The data science process is highly agile and iterative, with people constantly refining their hypothesis and building on top of their analysis and insight. Unfortunately, most prevailing tools require users to either write a lot of code or switch to a completely different framework to be able to work with large amounts of data. Often, the scenario looks like this: data scientists will prototype their work in their computational notebook (e.g. Jupyter) where they can iterate and experiment with their code. When they want to take this code and run it on large datasets, things start to break apart.
The reality is that when you shift from a small-scale dataset to a large-scale one, there’s a huge gap between these different worlds. You would think that just turning a knob for more data would be relatively easy because the workload is the same, but in fact people are having to rewrite their workloads completely. This takes a very long time because you have to find the folks with the right skill set who know big data frameworks and have the distributed computing knowledge to be able to scale up their workloads.
What we’re doing at Ponder is helping people seamlessly scale up to these larger use cases to get insights quicker without a hefty translation phase.
Returning to the earlier question on who we serve, Ponder is really democratizing the data science process in the sense that you might have domain experts who are familiar with Pandas, who might not want to worry about distributed computing or how to carefully partition data.

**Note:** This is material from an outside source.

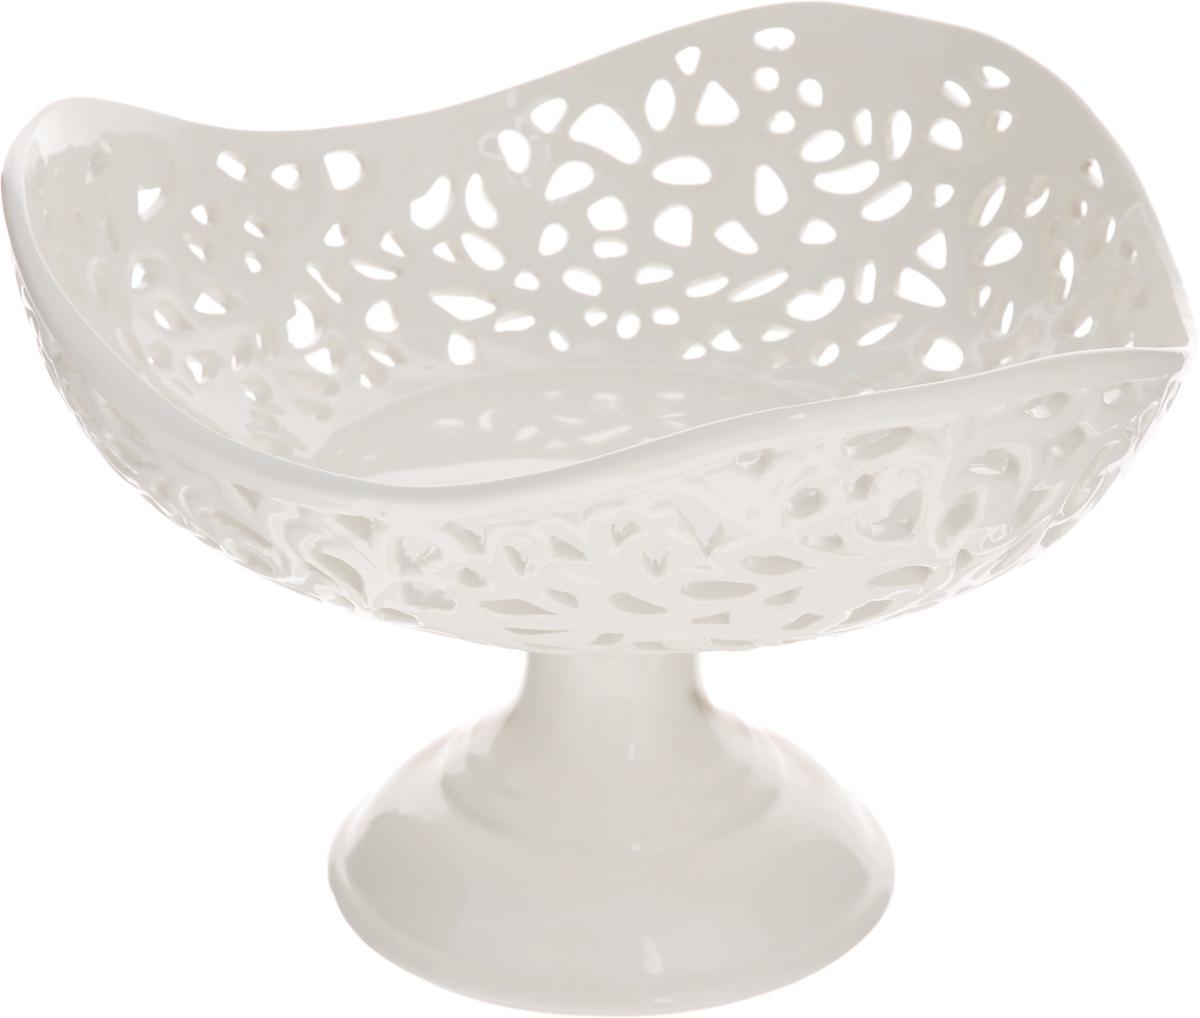 Конфетница Mayer & Boch Ажур, 23 х 23 х 15,5 см23817Конфетница Mayer & Boch Ажур, изготовленная из высококачественного доломита, украшена оригинальным ажурным узором. Стильная форма и интересное исполнение идеально впишутся в любой стиль, а универсальный белый цвет подойдет к любой мебели.Такая конфетница принесет новизну в вашу кухню и приятно порадует глаз.

Ponder handles this all for you so that data teams can scale up their analysis without a sweat.
How has the experience been going from stealth to launch?

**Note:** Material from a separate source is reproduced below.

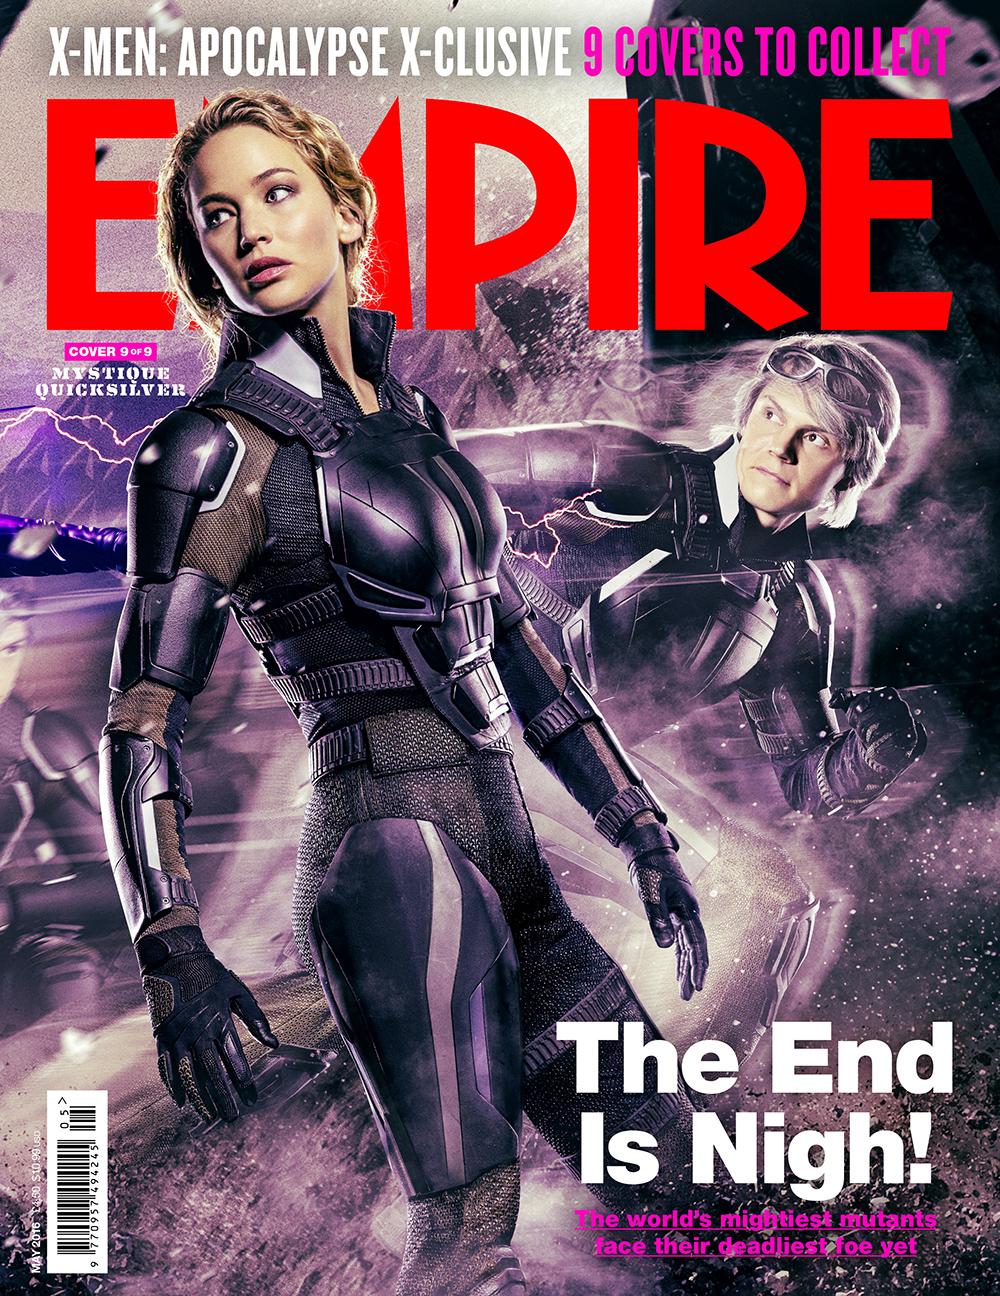 X-Men: Apocalypse New Trailer and Magazine CoversReggie's ...

Even though Ponder has only been out of stealth for a short time, we are continuing to see a huge demand and interest in using our technology. We are excited to ramp up these efforts in being able to support our industry users and help them scale, work on larger data sets and get to scalable insights faster.
Any predictions on where the market is headed?
I’m no psychic, but a few shifts in the market are becoming clear. Despite waves of digital transformation and the fact that data science has been evolving for over a decade, there are still a lot of pain points in the space.
Given that our work draws from both human-centered computing as well as data management, at Ponder, we think a lot about how to optimize for human time, as opposed to simply what runs faster in terms of CPU cycles. It’s all about prioritizing developer’s time and productivity and making their experience seamless.
I think we’ll be seeing a lot more tools focused on a better user experience, automatically finding insights or scaling up like Ponder does for data scientists. Especially as the ecosystem matures and as we go up the hierarchy of needs, it’s not enough for the tools to just work, but they also need to be laser-focused on making things easier for the user.